Jai Akash, also known as Akash, is an Indian actor and director who works in Tamil, Telugu and Kannada films and television. He is known for the film Anandam (2001).

==Career==
Jai Sathish, of Sri Lankan Tamil origin settled in London, sent his modelling photographs to the "Star Search" service run by Suhasini's entertainment portal website TamilTalkies.com during the late 1990s. K. Balachander used the 'Star Search' platform when casting a new actor to portray the second hero role in Rojavanam (1999) and selected him to be in the film under the stage name of Akash.

Akash's first Telugu film, Anandam, directed by Sreenu Vaitla and produced by Ramoji Rao, was a Silver Jubilee film for which Akash won many awards for his excellent natural acting. He became an overnight sensation who gained renowned attention from many top producers and directors. However, Akash elected to select projects with new directors, but most of these projects were produced by struggling producers.
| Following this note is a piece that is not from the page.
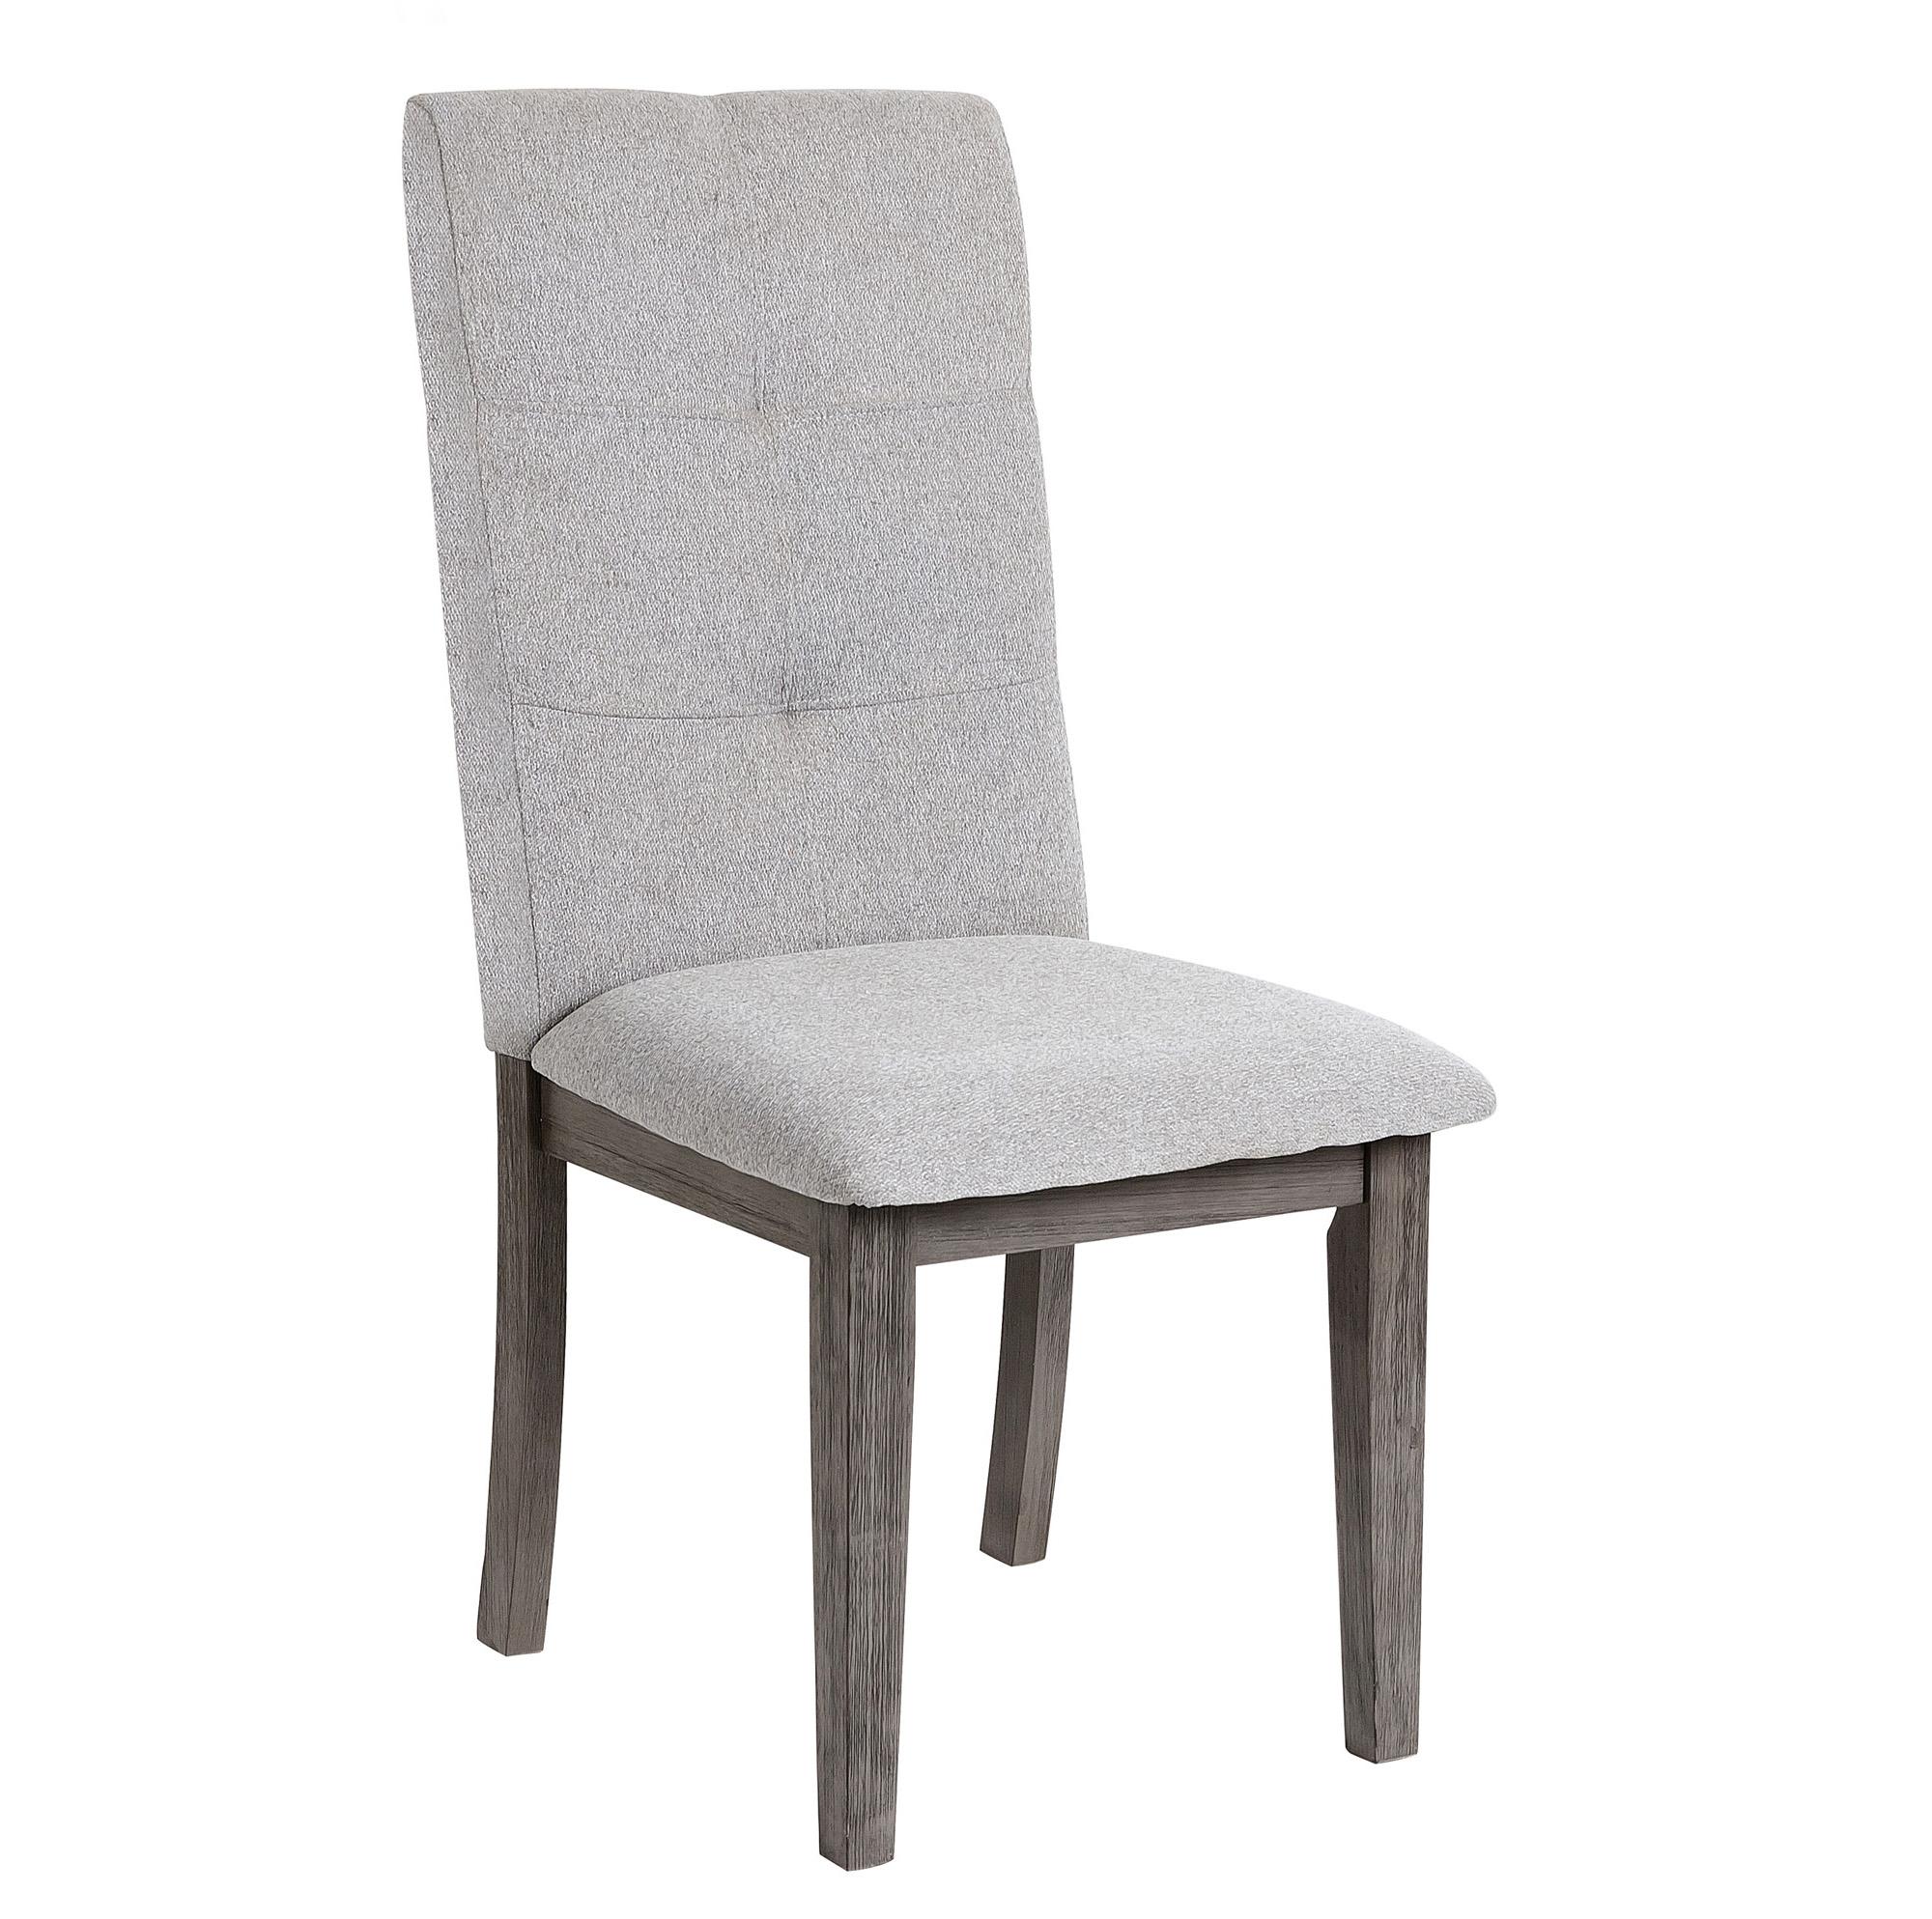 Transitional Side Chair Set 5163S University 5163S in Gray Polyester

He acted in several Telugu films including the unreleased June July opposite Sadha, Pilisthe Palukutha opposite Shamitha Shetty, directed by Kodi Ramakrishna, the songs of which composed by M. M. Keeravani became a hit, especially the song "Manasa Ottu Maatadothu". His film Idemi Oorura Babu was also not released.
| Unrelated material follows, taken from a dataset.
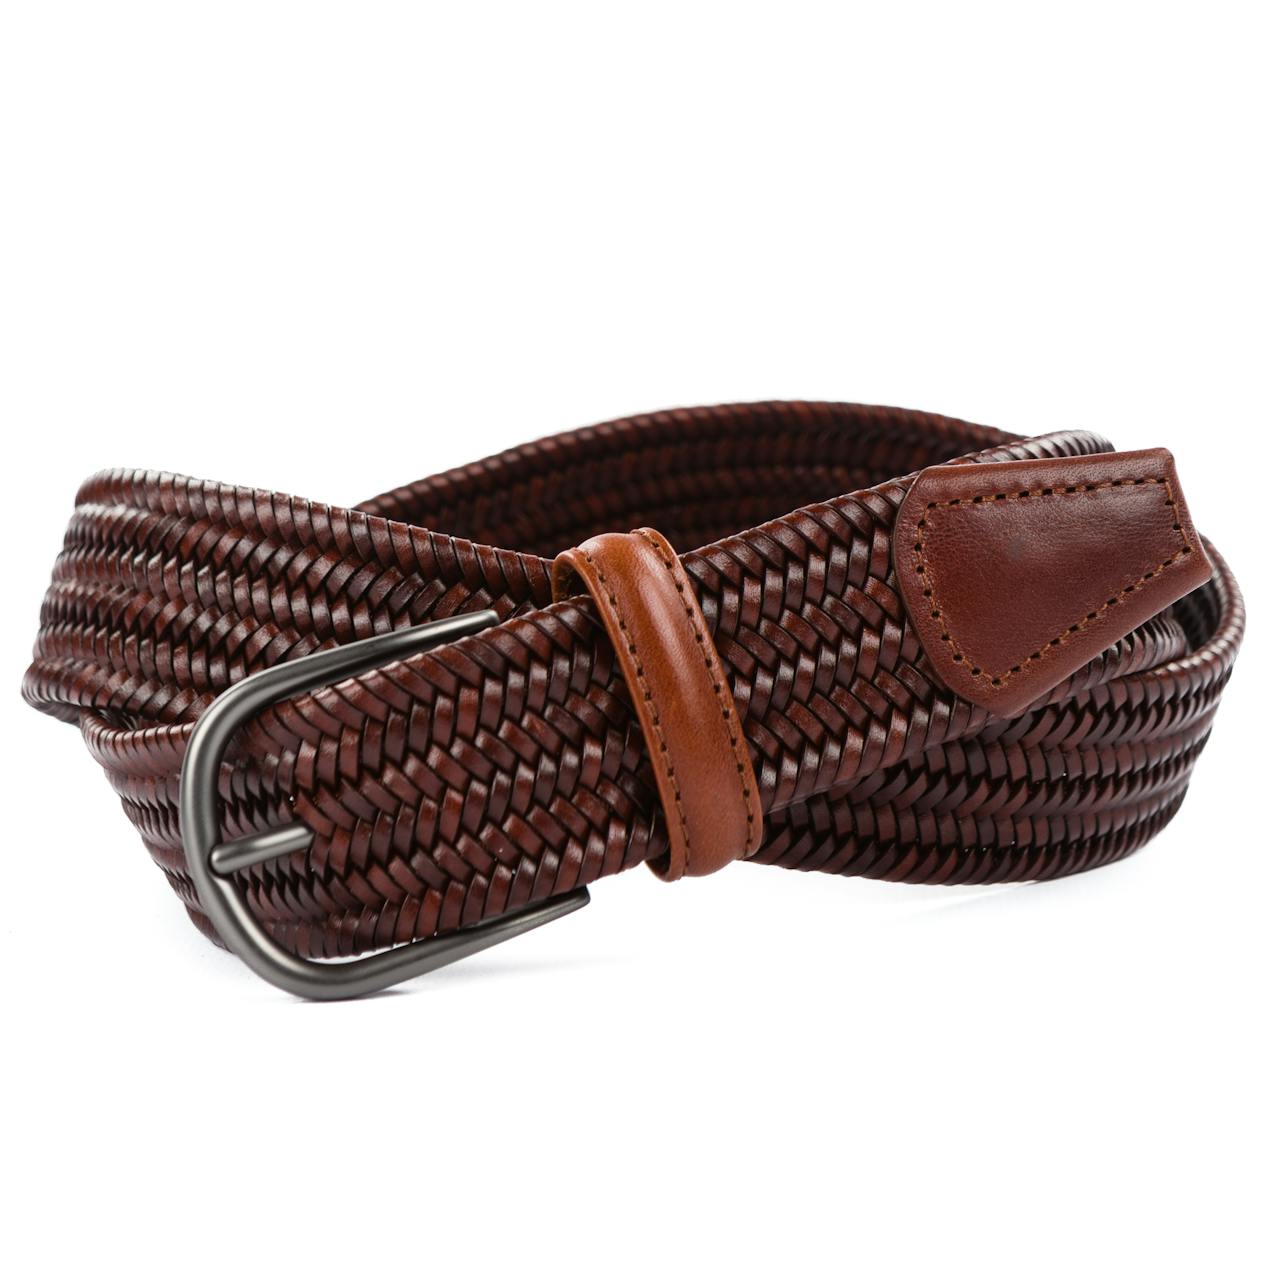 Anderson's Stretch woven leather belt

He returned to Tamil as a lead with the film Inidhu Inidhu Kadhal Inidhu (2003), a remake of Anandam, opposite Neha, which was again produced by Ramoji Rao. He was credited as Jai Akash due to the presence of Aravind Akash, an actor with a similar name. In 2004, he teamed up with Sreenu Vaitla again in Anandamanandamaye.
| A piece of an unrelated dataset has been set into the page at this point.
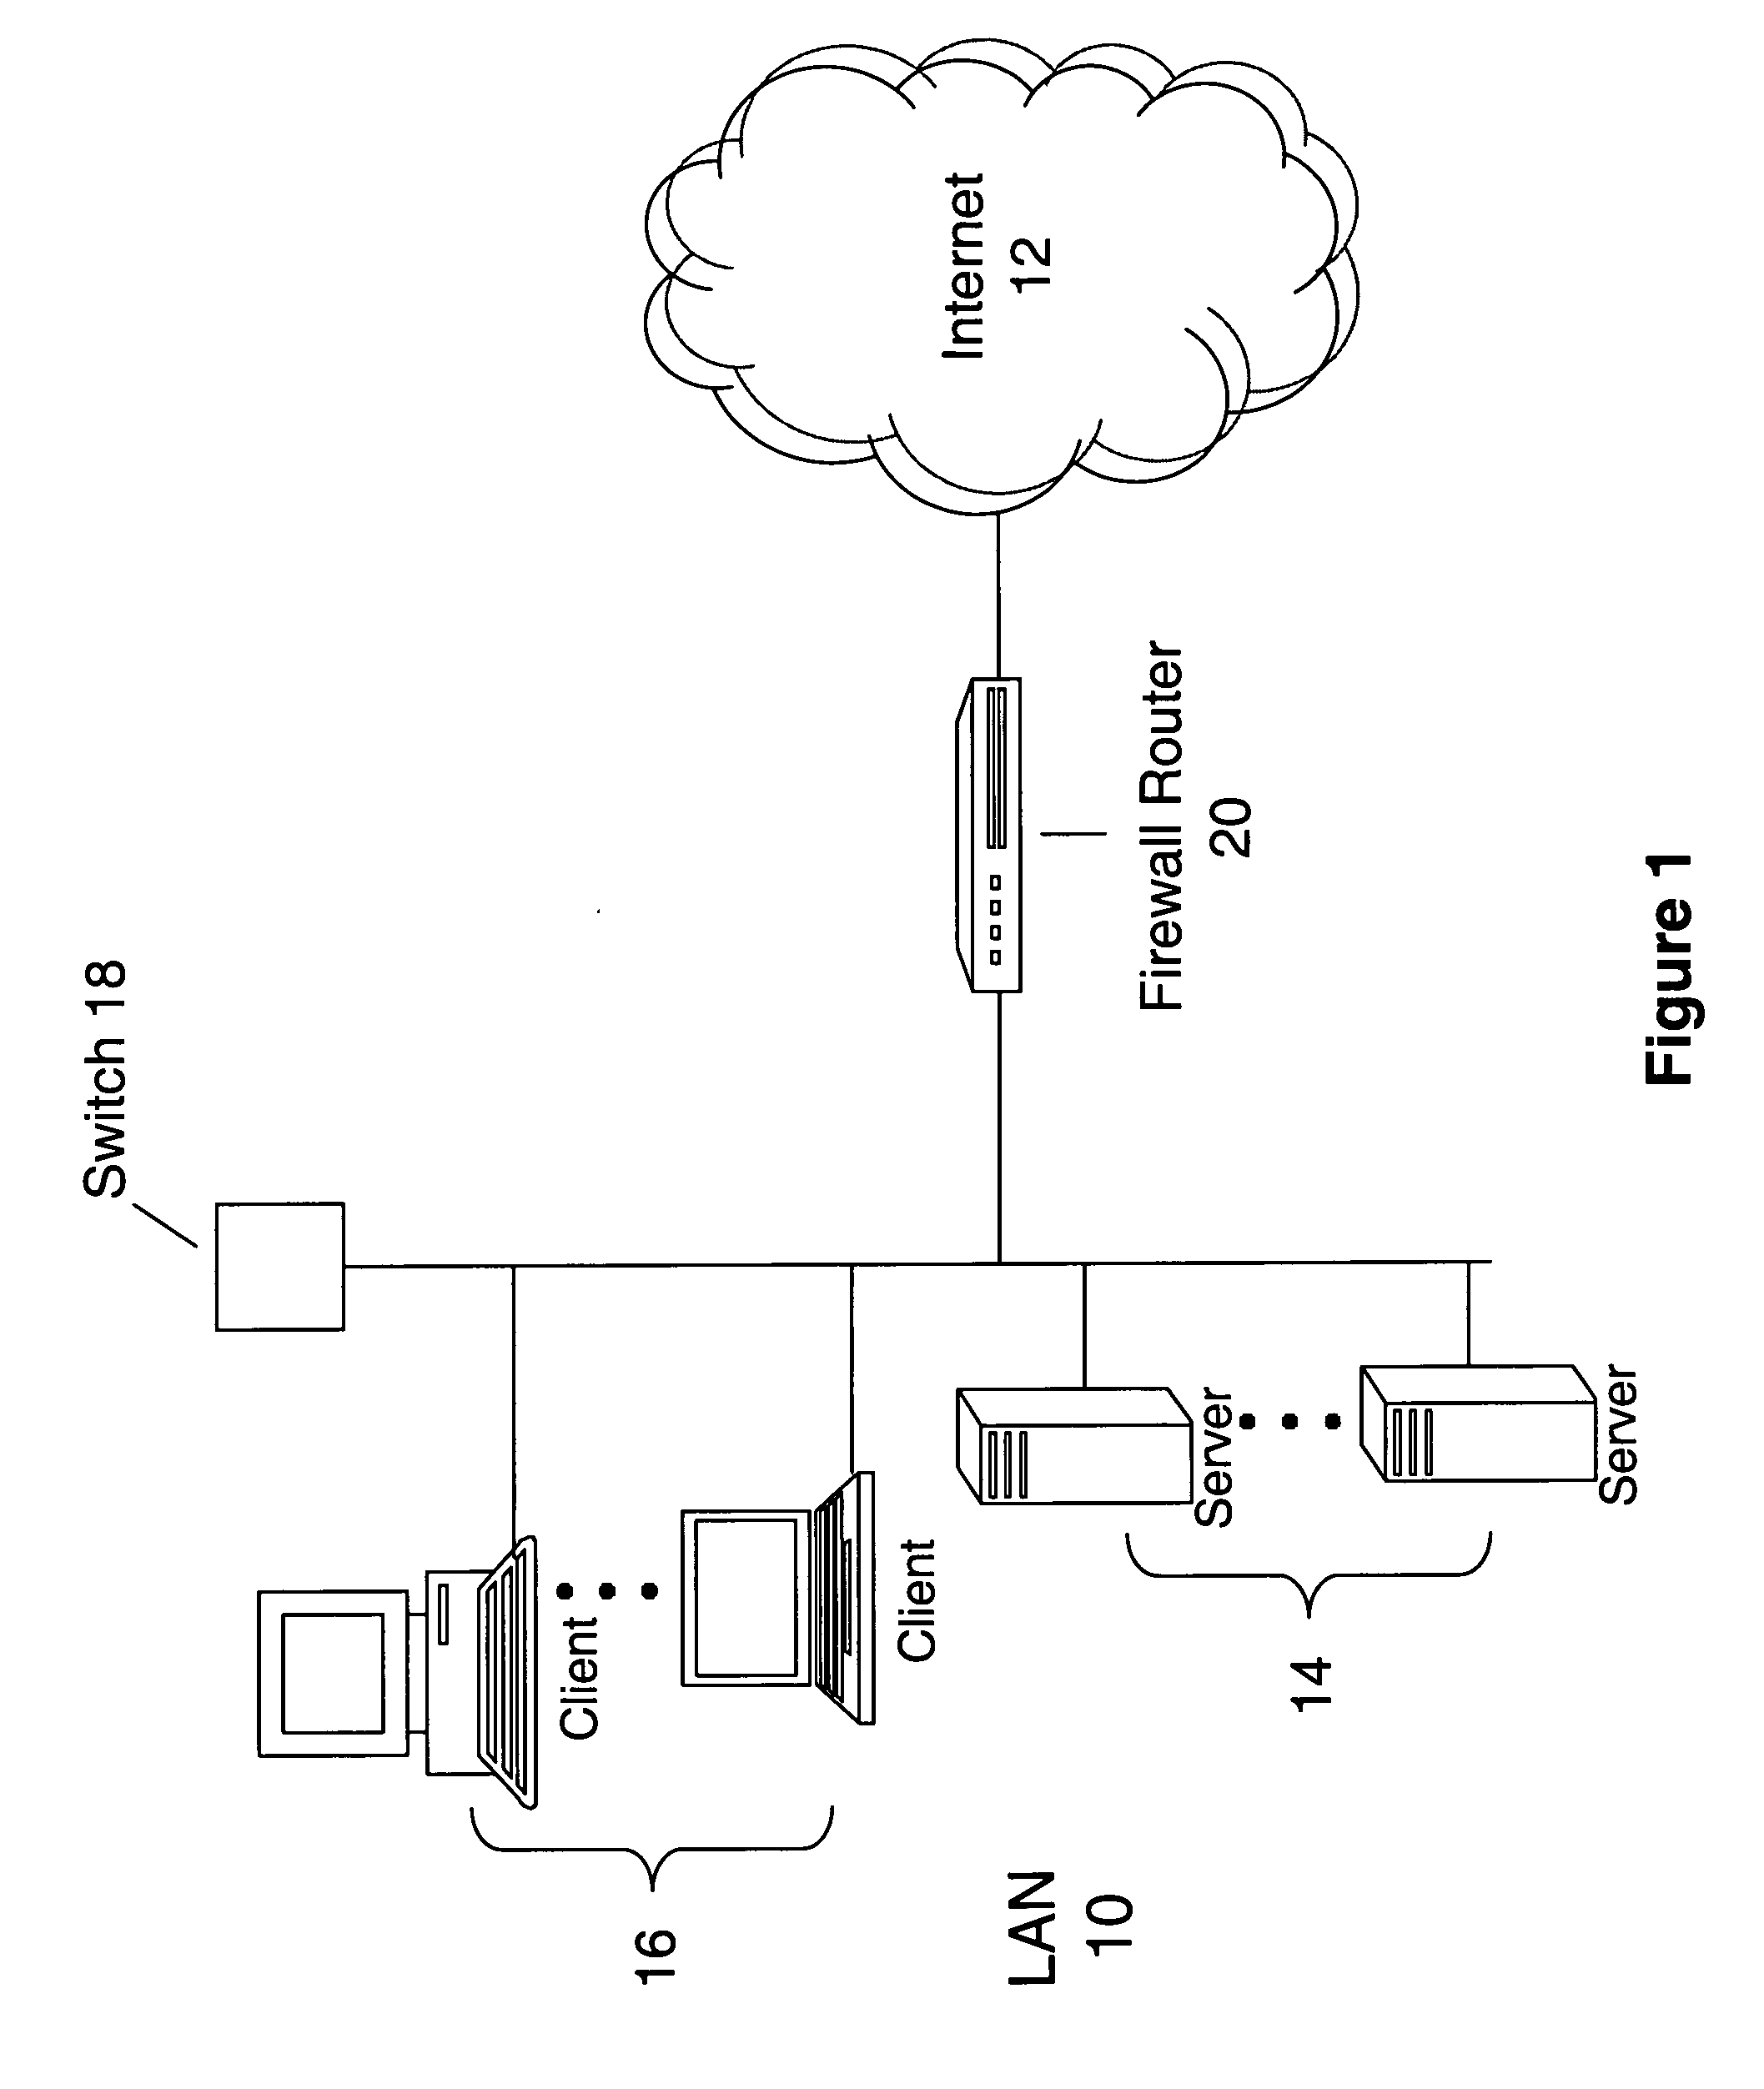 Identifying image type in a capture system

He also starred in six Tamil films between 2004 and 2005; Ramakrishna, Kicha Vayasu 16, Gurudeva, Sevvel, Amudhae and Kaatrullavarai. The Tamil films he acted as hero were with top Tamil directors, such as Agathiyan and Ezhil, but those films didn't get proper release.

Jai Akash again returned to the Telugu film industry as a second hero and acted in three films produced by Super Good Films, namely Andala Ramudu (2006), Nava Vasantham (2007) and Gorintaku (2008). All of these three films became super hit and again Akash received many offers to star as a hero in Telugu. In 2009, he acted and directed a Telugu film named, Sweet Heart, and also acted in the Tamil romantic movie, Adada Enna Azhagu. In 2010, he starred in a bilingual movie, Vandae Maatharam, where he played alongside Mammootty and Arjun.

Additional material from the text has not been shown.